At the top of the diagram, the blue boxes go through the process of creating the positive list of cell motility genes. The genes were gathered from different signaling pathways in the KEGG database as well as studying primary literature. From these resources, I created two separate positive lists: one purely of cell motility genes and one of cell motility genes implicated in schizophrenia. I combined these together (collapsing the duplicates) in order to create a positive list of 541 cell motility genes. At the bottom of the diagram, the two blue boxes go through the process of creating the schizophrenia positive list. Alex pulled schizophrenia genes from genome-wide association studies (GWAS), then filtered the genes down to the top 300 positives by taking into account their p-values from the literature. We each ran the semi-supervised iterative method on the GIANT brain interactome with the same negative set, differing only in the positive sets we used. From there, the iterative method spit out ranked lists of schizophrenia candidates and cell motility candidates with scores ranging from 0-1 (the green boxes.) Finally, we combined the scores by multiplying them to take into account their probability of being “good” candidates for both cell motility and schizophrenia (the purple box.)
Our runtime-shortening strategies seemed to have worked well! We plotted runtime vs. iteration number and found that each iteration took about 3-4 seconds, so there’s no increase as we saw last time. However, we did find that the scores do not change after a surprisingly small number of iterations, so we will be tweaking a few things to see what changes.
Because it’s hard to tell if a semi-supervised machine learning method is actually good at what it’s supposed to accomplish, we will also be looking into ways to test our method.
Our goals for next time include:
Run on a larger portion of the network. So far we have been using the 0.200 probability threshold network, but we will move down to 0.150 threshold.
Change the number of positives used – see what the effect is of using 1 vs. 300+ positives on the graph.
Plot a distribution of the ranked candidate scores.
Plot the absolute value of the sum of changes made during each iteration.

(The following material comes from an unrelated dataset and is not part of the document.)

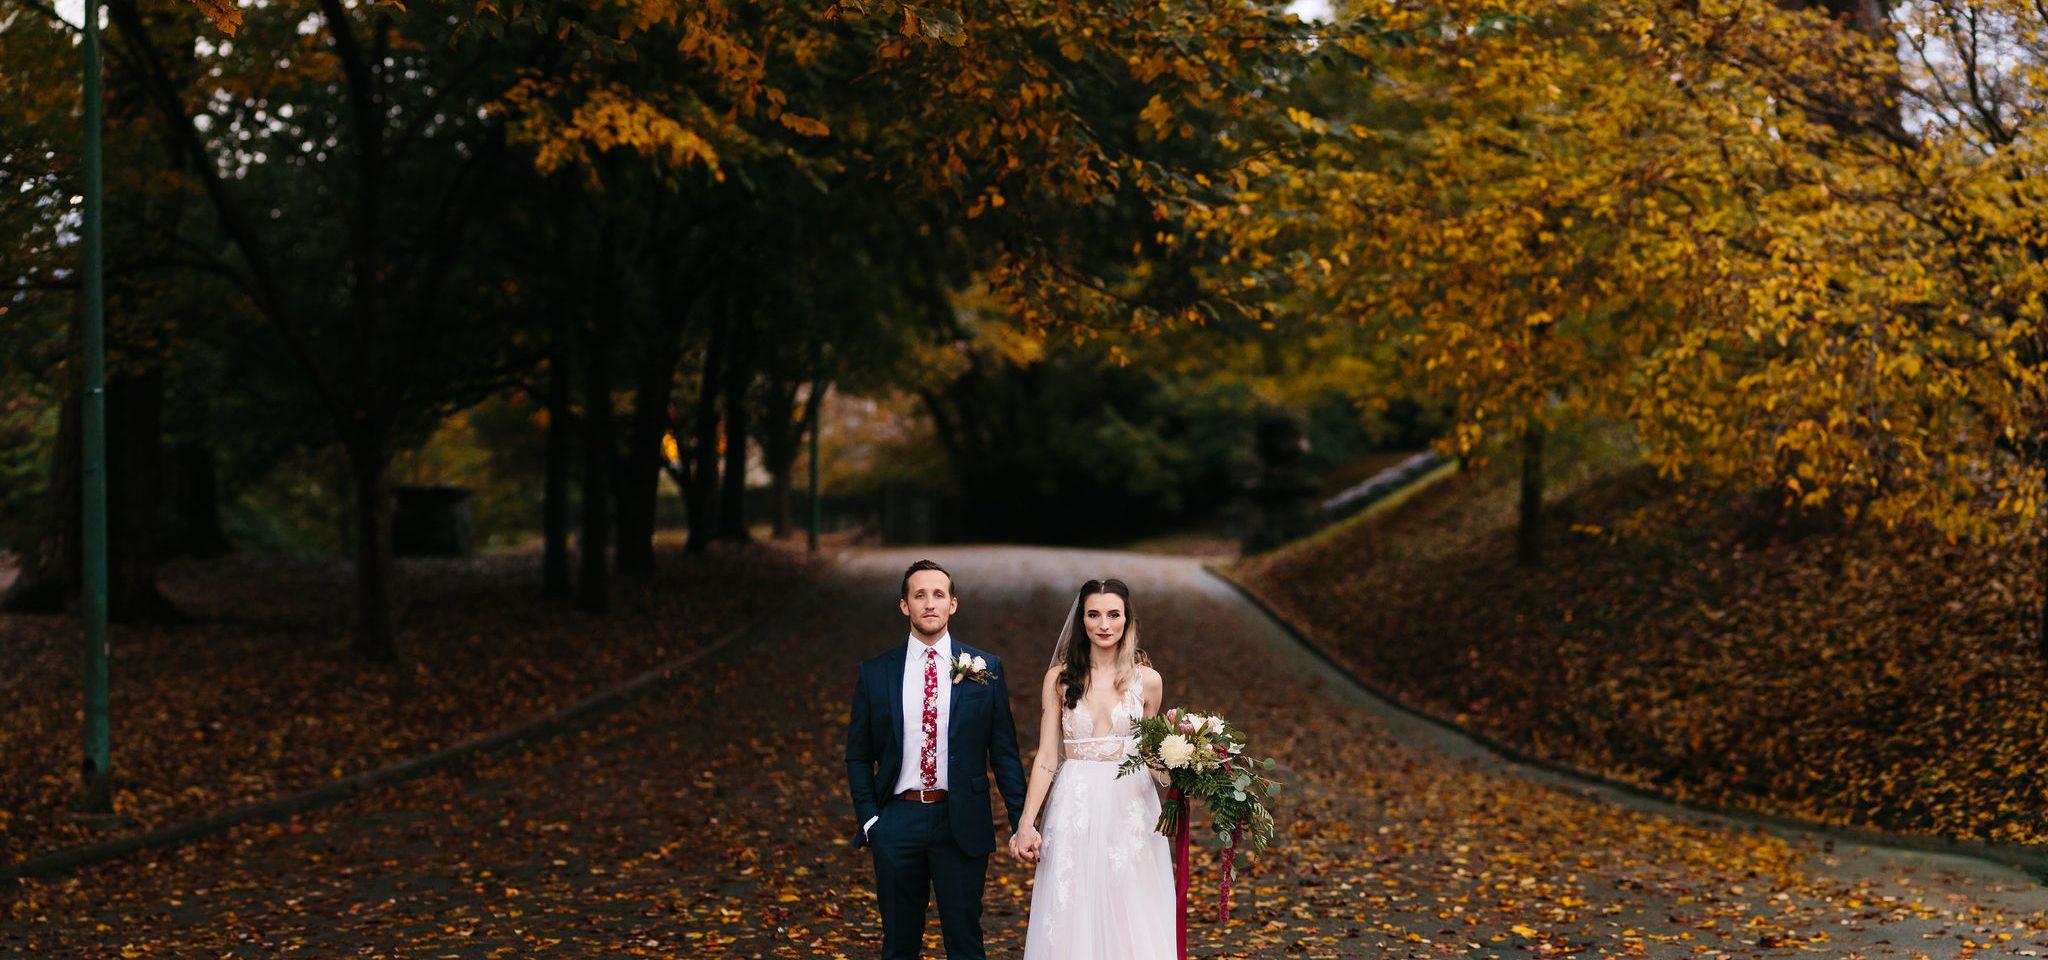 fall wedding photos bride and groom dramatic edgy

Look into cross validation to check if our method is doing a good job at what it’s supposed to do. This involves hiding some positives from your positive list and seeing if your method correctly identifies these hidden positives as having a high probability (if not the highest) of being involved in the pathway.
Look into how other papers were able to be convincing about the accuracy of their method.
Next week is spring break so there will be no blog post!
Last week we had the task of running our algorithm for 100,000 iterations. We ran into a couple of problems:
It took a very long time. We actually stopped running it at about 1300 iterations (which took 12 hours) because the estimated time kept increasing. There are a few lines in our code that we are going to change to improve running time – we will convert some variables we’re using to track changes between iterations from lists of nodes to integer counts.
The difference in score we wanted to see before stopping iterations was far too big. We allowed the code to run until the difference in scores between iterations was no more than 0.001 (or it hit 100,000 iterations), and to our surprise, it took around 130 and 180 iterations for cell motility and schizophrenia positives, respectively. Because the scores range from 0 to 1, a change of 10^-4 is bigger than we initially thought. After speeding up the code, we are going to run it until we see changes less than 10^-9.
We are also going to create a histogram of run time versus progress (each iteration) to track our algorithm and see if there is a separate problem that causes the code to slow down as the number of iterations increases.
Our continued goals for this week are to BLAST candidates to see if they are conserved in Drosophila.